**Your assignment:** Pictures excluded, copy all of the data below exactly.

**Collected material:**
--------------------------------

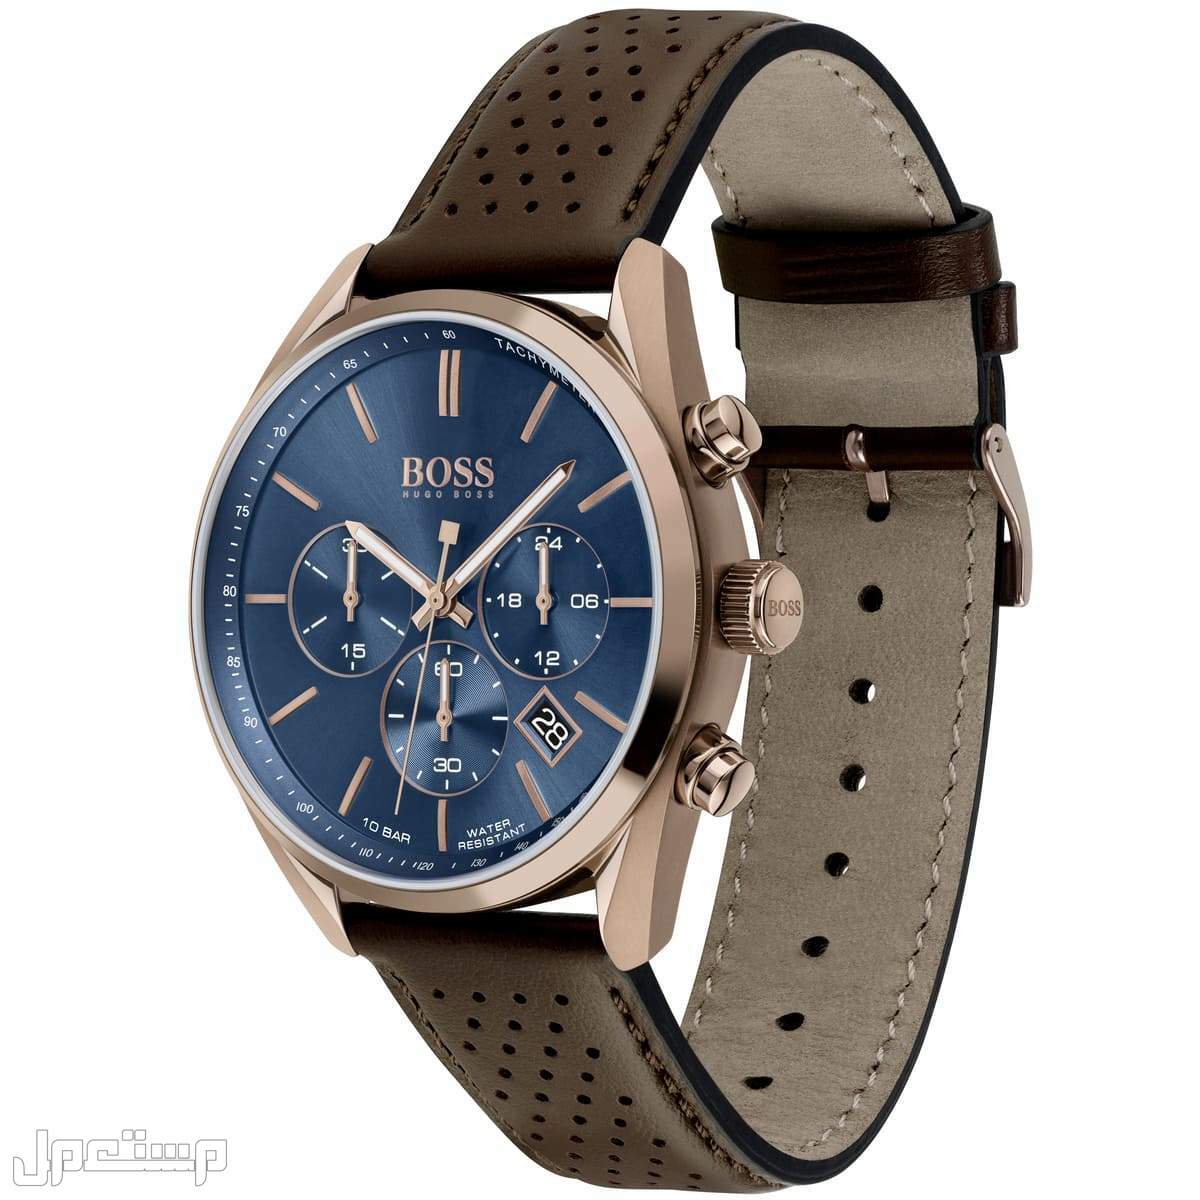 أفضل ساعات بوس Boss الأكثر مبيعا هذا العام وأسعارها في مصر ساع 1513817-hugo-boss-watch-men-blue-dial-leather-brown-strap-quartz-analog-chro
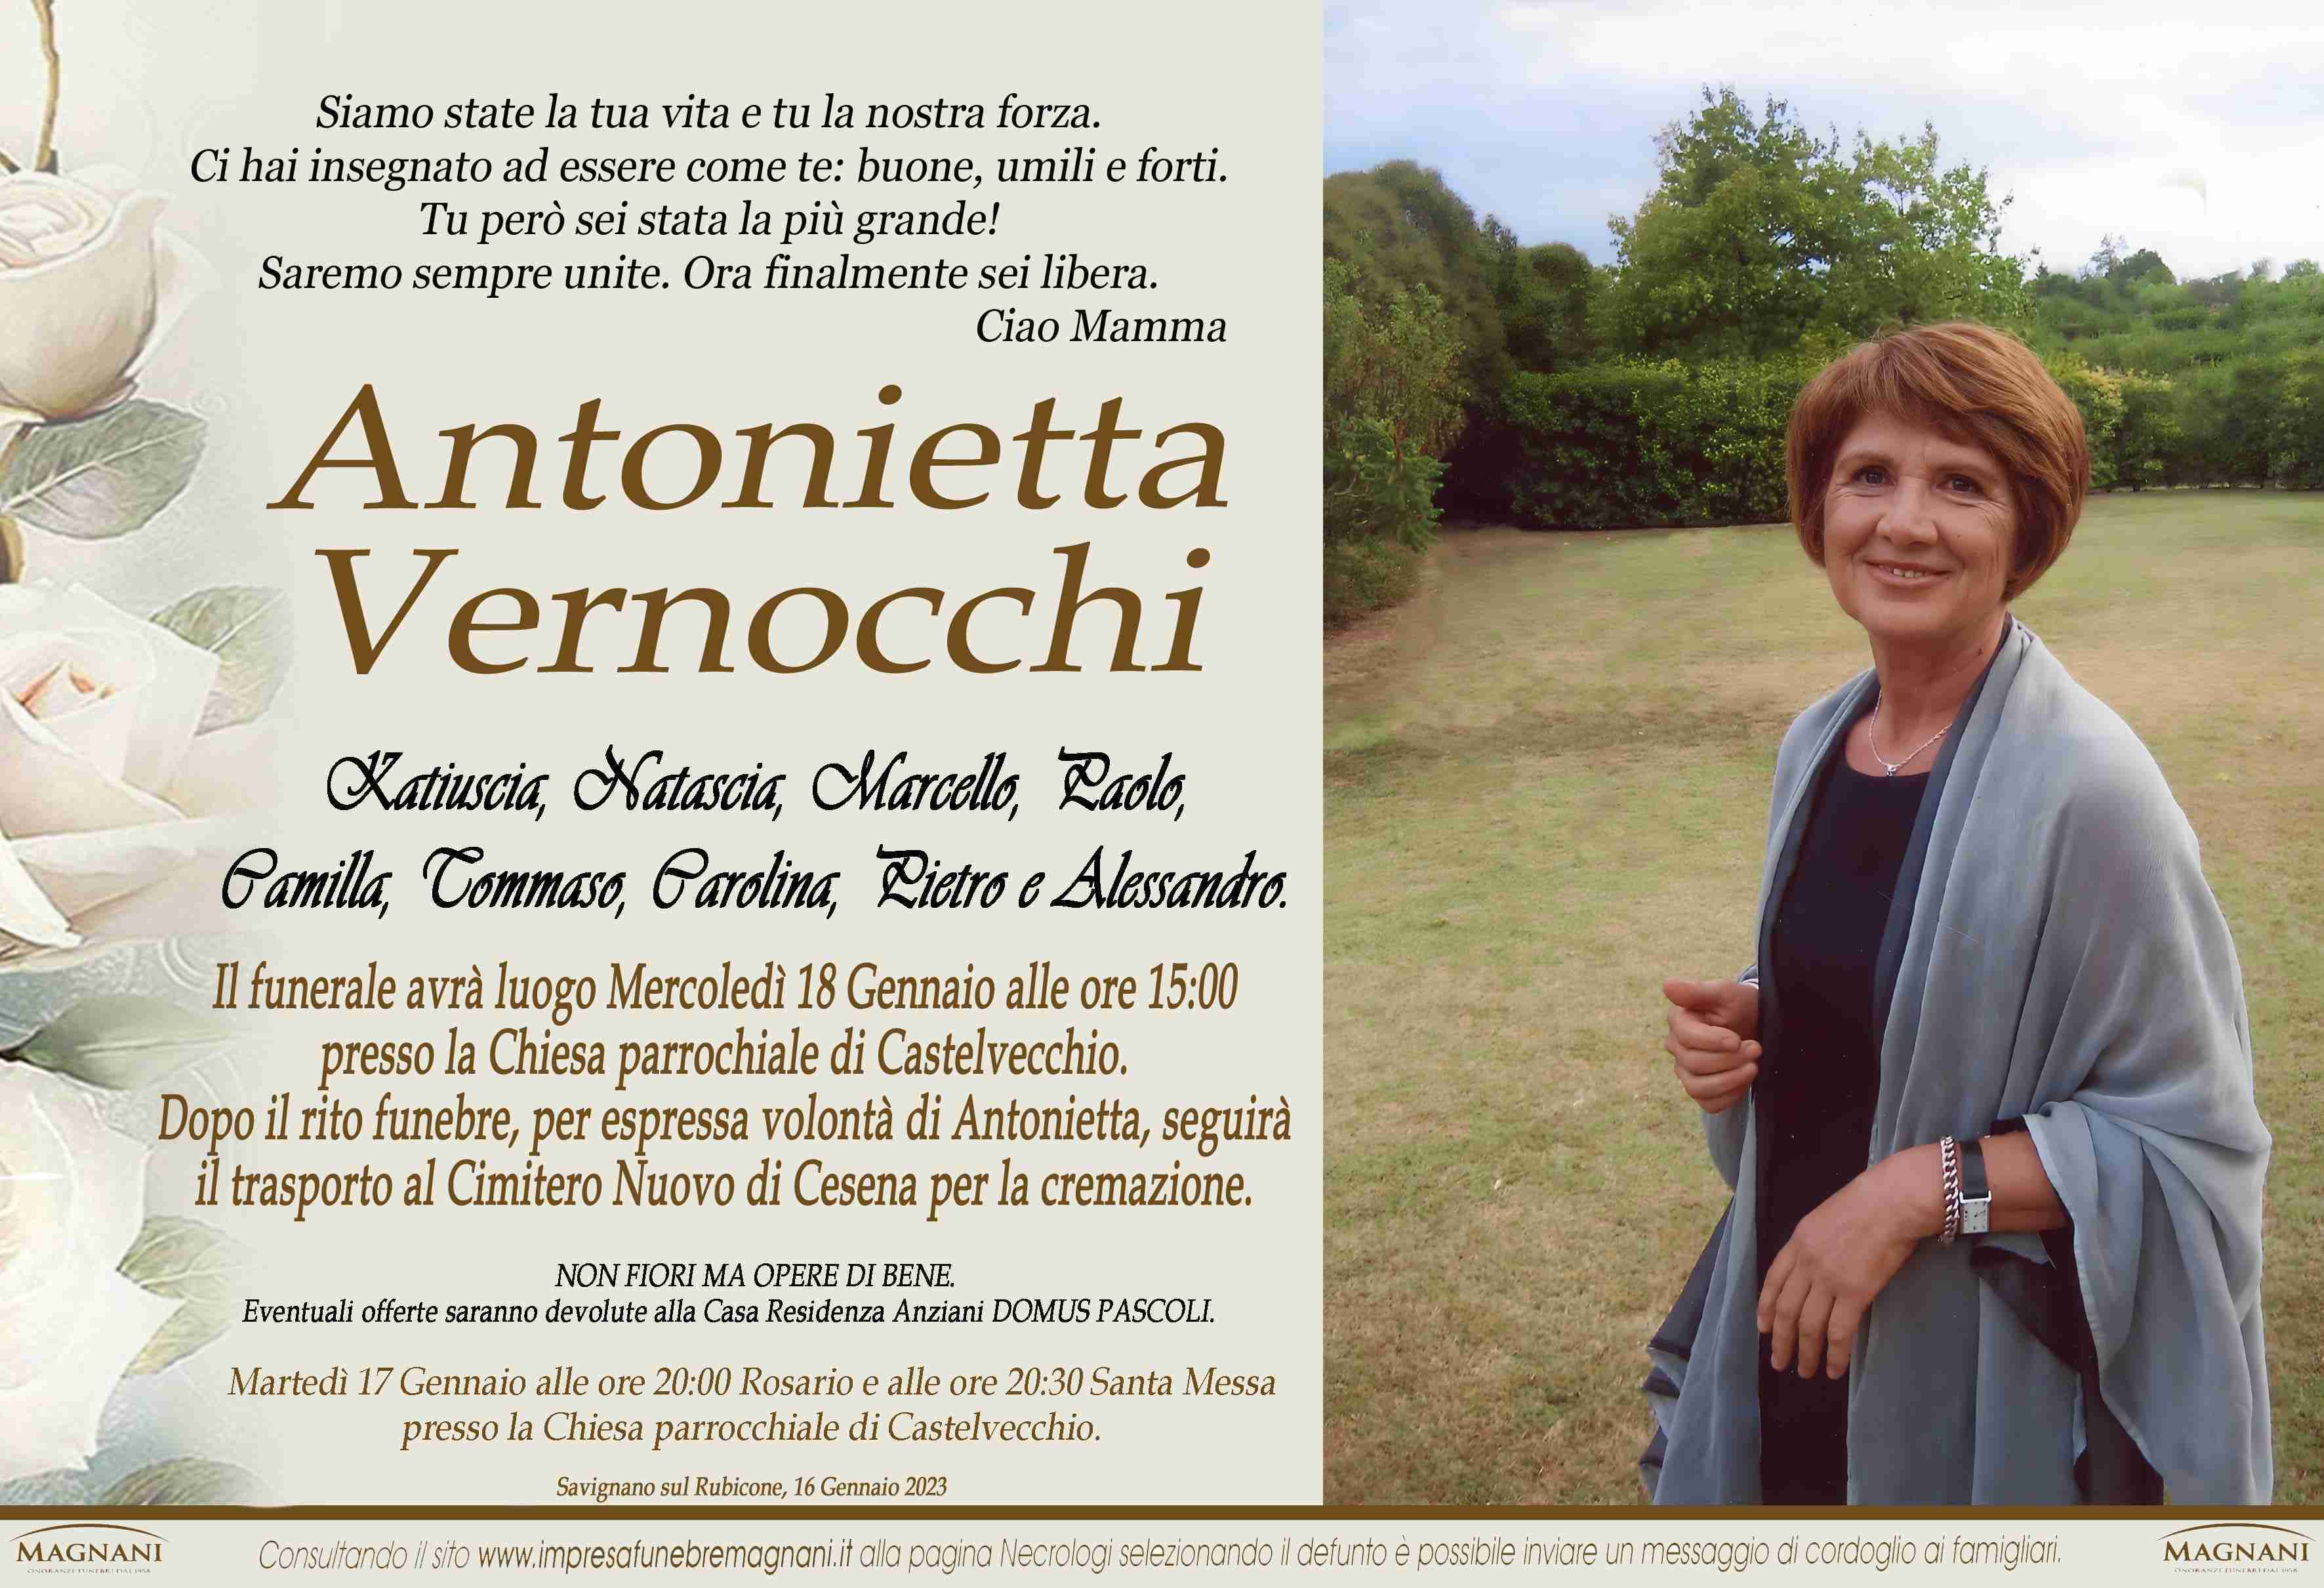 Antonietta Vernocchi
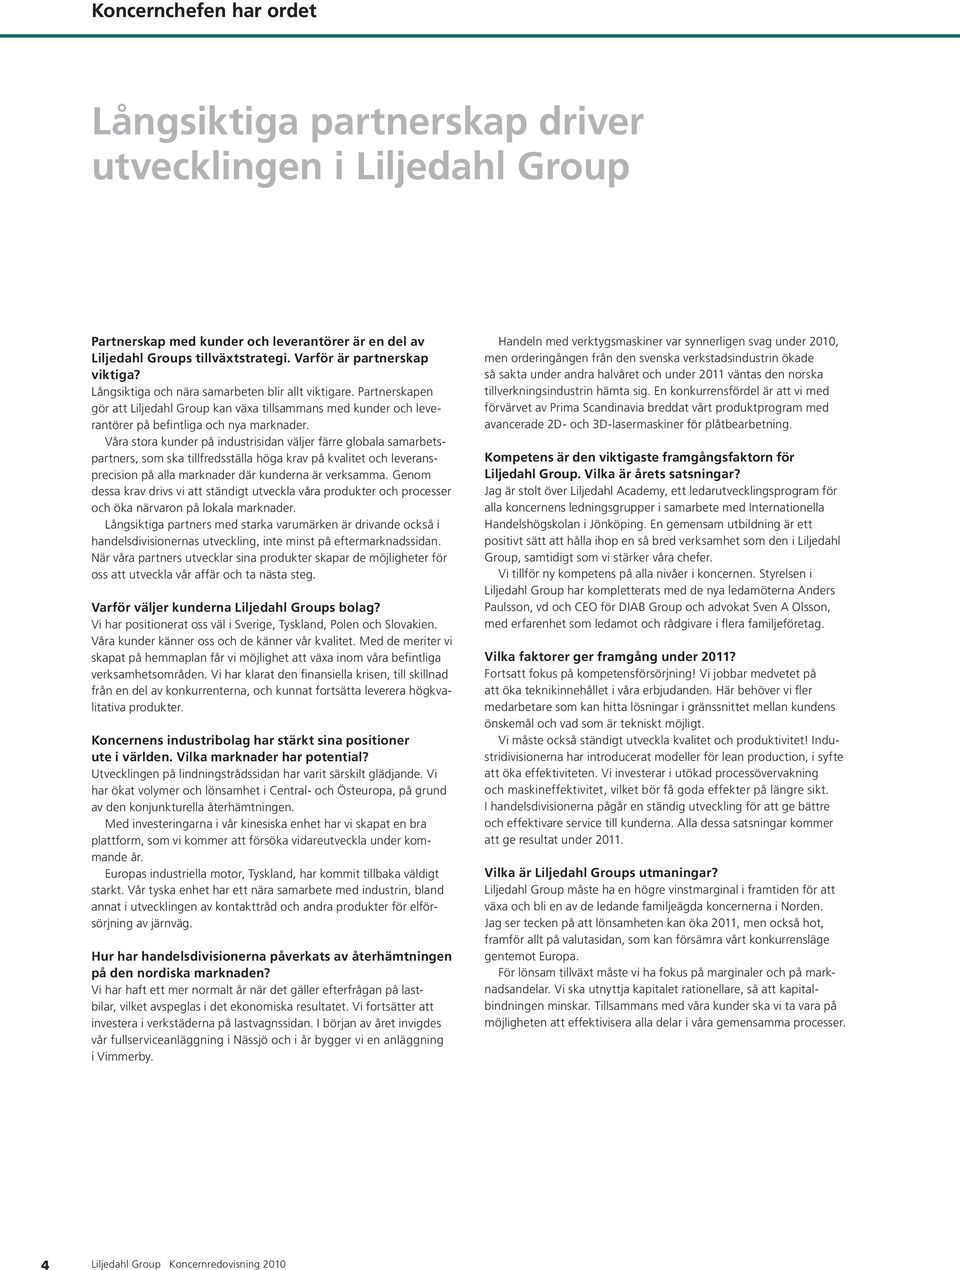 Partnerskapen gör att Liljedahl Group kan växa tillsammans med kunder och leverantörer på befintliga och nya marknader.
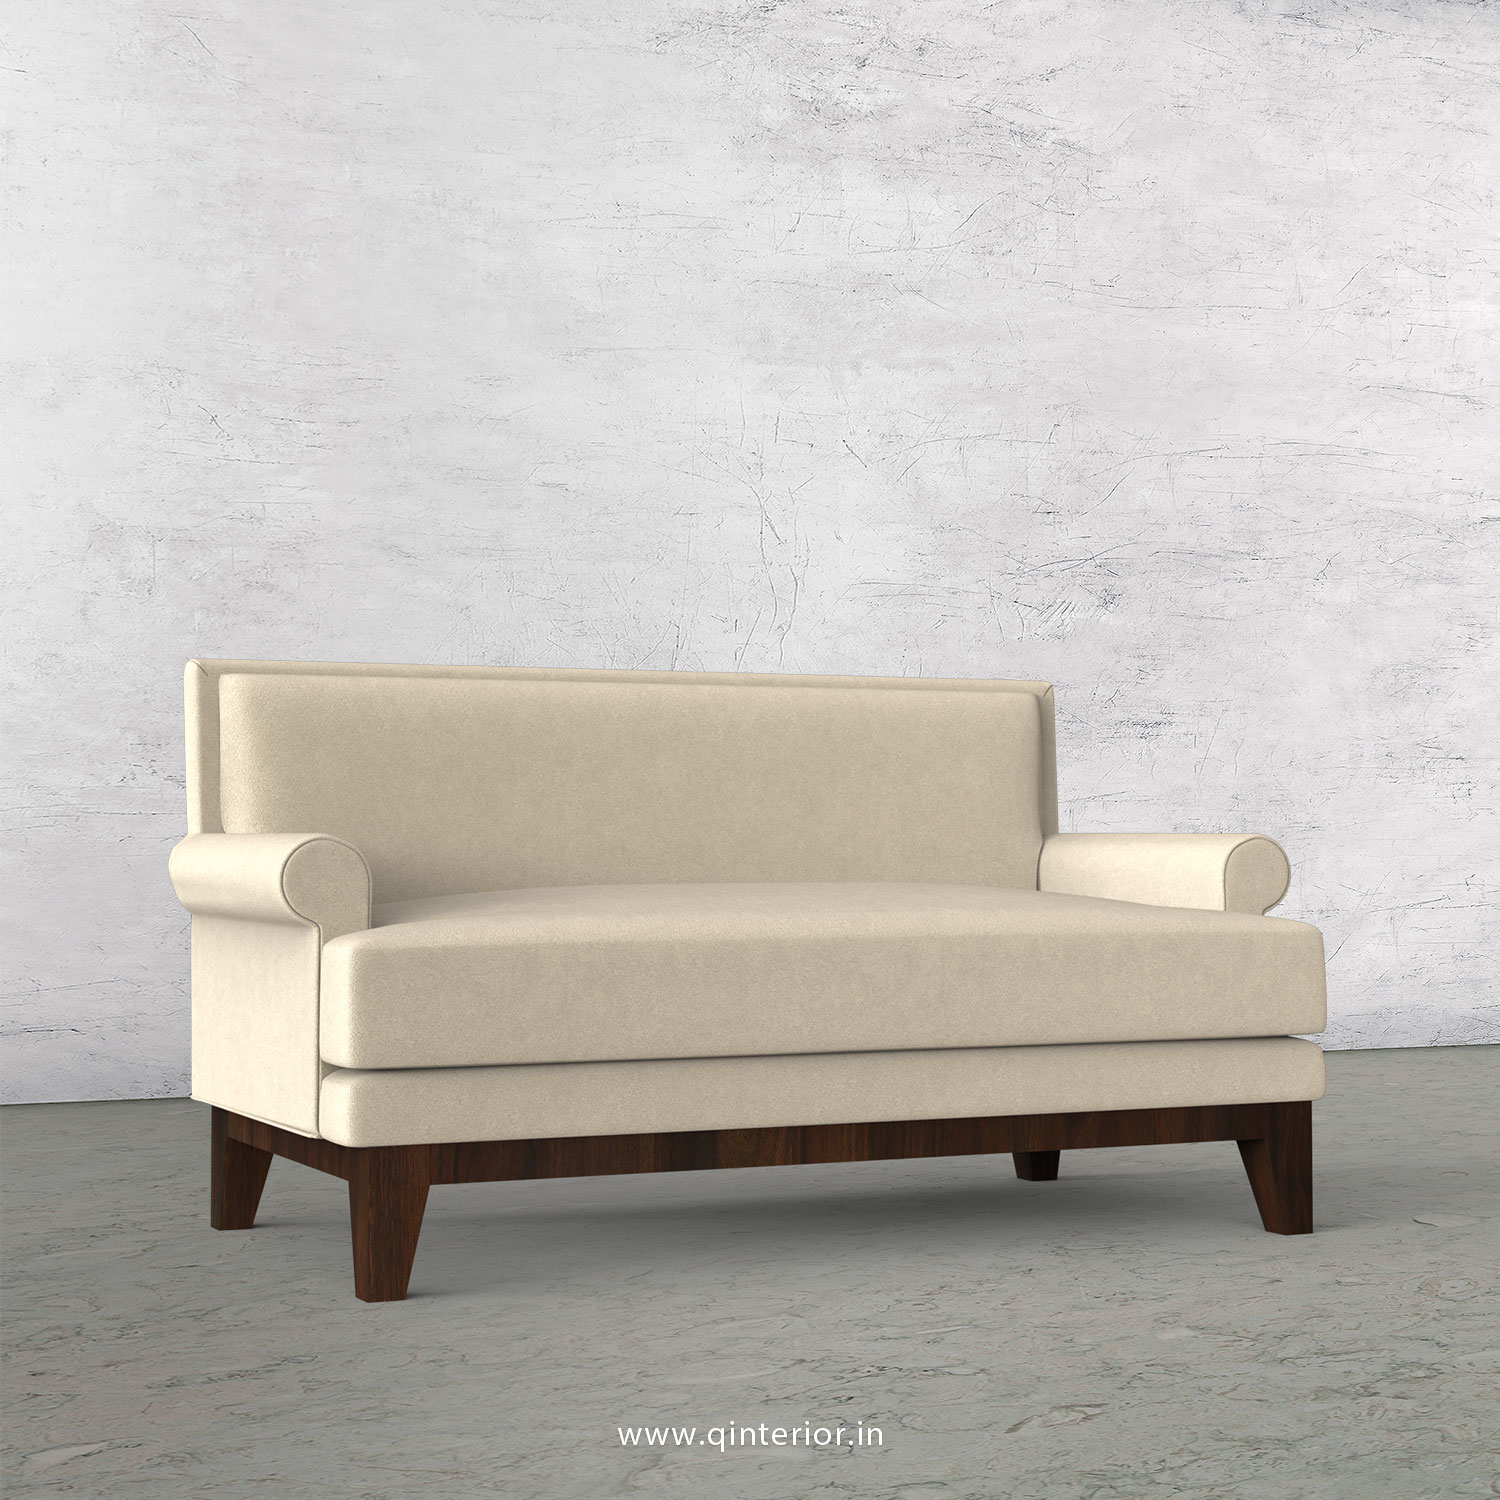 Aviana 2 Seater Sofa in Velvet Fabric - SFA001 VL01

--------------------------------

**Completed task:**
 أفضل ساعات بوس Boss الأكثر مبيعا هذا العام وأسعارها في مصر ساع 1513817-hugo-boss-watch-men-blue-dial-leather-brown-strap-quartz-analog-chro
 Antonietta Vernocchi
 Partnerskapen gör att Liljedahl Group kan växa tillsammans med kunder och leverantörer på befintliga och nya marknader.
 Aviana 2 Seater Sofa in Velvet Fabric - SFA001 VL01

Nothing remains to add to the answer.